[1S-(1α,2β,3α,5α)]-[2,6,6-trimethylbicyclo[3.1.1]hept-3-yl]methylamine

Administrative data

Endpoint:

in vitro cytogenicity / micronucleus study

Type of information:

experimental study

Adequacy of study:

key study

Study period:

2016-03-24 to 2016-11-23

Reliability:

1 (reliable without restriction)

Rationale for reliability incl. deficiencies:

guideline study

Data source

Materials and methods

GLP compliance:

yes (incl. QA statement)

Type of assay:

in vitro mammalian cell micronucleus test

Test material

Specific details on test material used for the study:

SOURCE OF TEST MATERIAL
- Batch No.of test material: 16/0055-1
- Expiration date of the lot/batch: 2016-10-26

STABILITY AND STORAGE CONDITIONS OF TEST MATERIAL
- Storage condition of test material: Room temperature

TREATMENT OF TEST MATERIAL PRIOR TO TESTING
- Treatment of test material prior to testing: Mixing before preparation of the test substance preparations.

OTHER SPECIFICS: Liquid, colorless, clear

Method

Cytokinesis block (if used):

Cytochalasin B

Metabolic activation:

with and without

Metabolic activation system:

S9 mix

Test concentrations with justification for top dose:

Dose selection according to OECD 487 guideline.
With S9 mix: 6.25, 12.5, 25.0, 50.0, and 100.0 µg/mL
Without S9 mix: 3.13, 6.25, 12.5, 25.0, 50.0, and 100.0 µg/mL

Vehicle / solvent:

- Solvent used: DMSO 1 % (v/v)
- Justification for choice of solvent/vehicle: DMSO had been demonstrated to be suitable in the V79 in vitro cytogenetic assay and for which historical control data are available.

Controlsopen allclose all

Details on test system and experimental conditions:

METHOD OF APPLICATION: in medium
- Cell density at seeding: 3 - 5 x10E6 cells/culture

DURATION
- Preincubation period: 20 - 24 h
- Exposure duration: 4 h
- Expression time: 24 - 44 h
- Fixation time: at the end of exposure time.

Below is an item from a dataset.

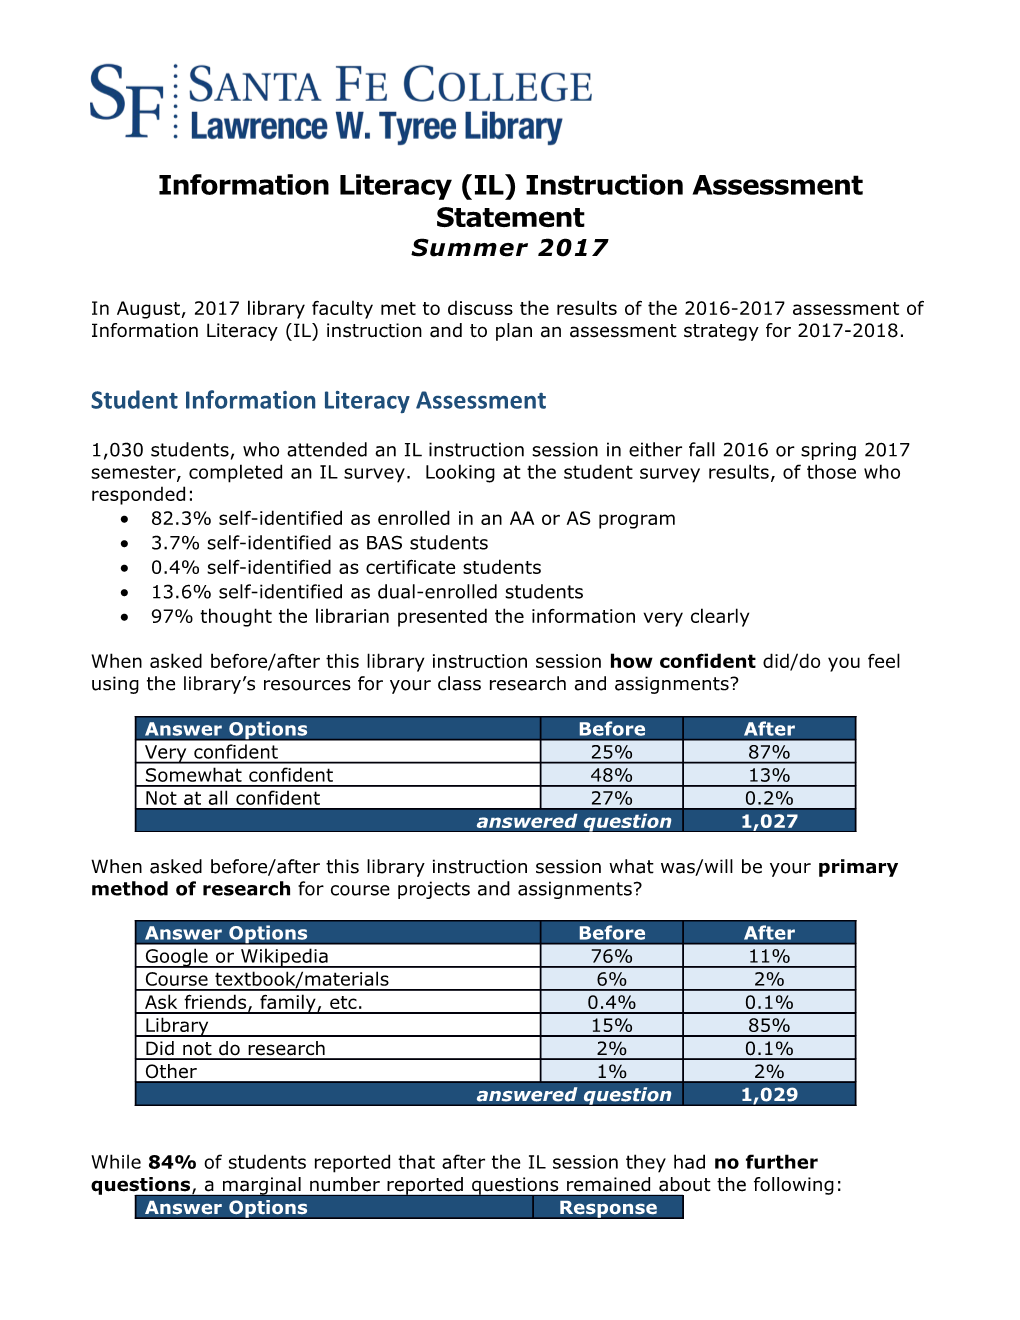 Information Literacy (IL) Instruction Assessment Statement

SPINDLE INHIBITOR: Cytochalasin B

STAIN: Prepared slides were stained with a mixture of 4’,6-diamidino-2-phenylindole dihydrochloride (DAPI; stock: 5 mg/mL; Sigma-Aldrich, Cat.No. D9542) and propidium iodide (PI; stock: 5 mg/mL; Sigma-Aldrich, Cat.No. P4170) in Fluoroshield™ (Sigma-Aldrich, Cat.No. F6182) at a concentration of 0.25 μg/mL each. By the use of the combination of both fluorescence dyes it can be differentiated between DNA (DAPI; excitation: 350 nm, emission: 460 nm) and cytoplasm (PI; excitation: 488 nm, emission: 590 nm).

METHODS OF SLIDE PREPARATION AND STAINING TECHNIQUE USED: 5x10^4 cells per slide were centrifuged at 600 rpm for 7 min onto labeled slides using a Cytospin centrifuge (Cellspin I, Tharmac, Waldsolms, Germany). At least two slides per flask were prepared. In the case of strongly reduced cell numbers below 1x10^4 cells per flask no slides were prepared. After drying, the slides were fixed in 90 % (v/v) methanol for 10 minutes.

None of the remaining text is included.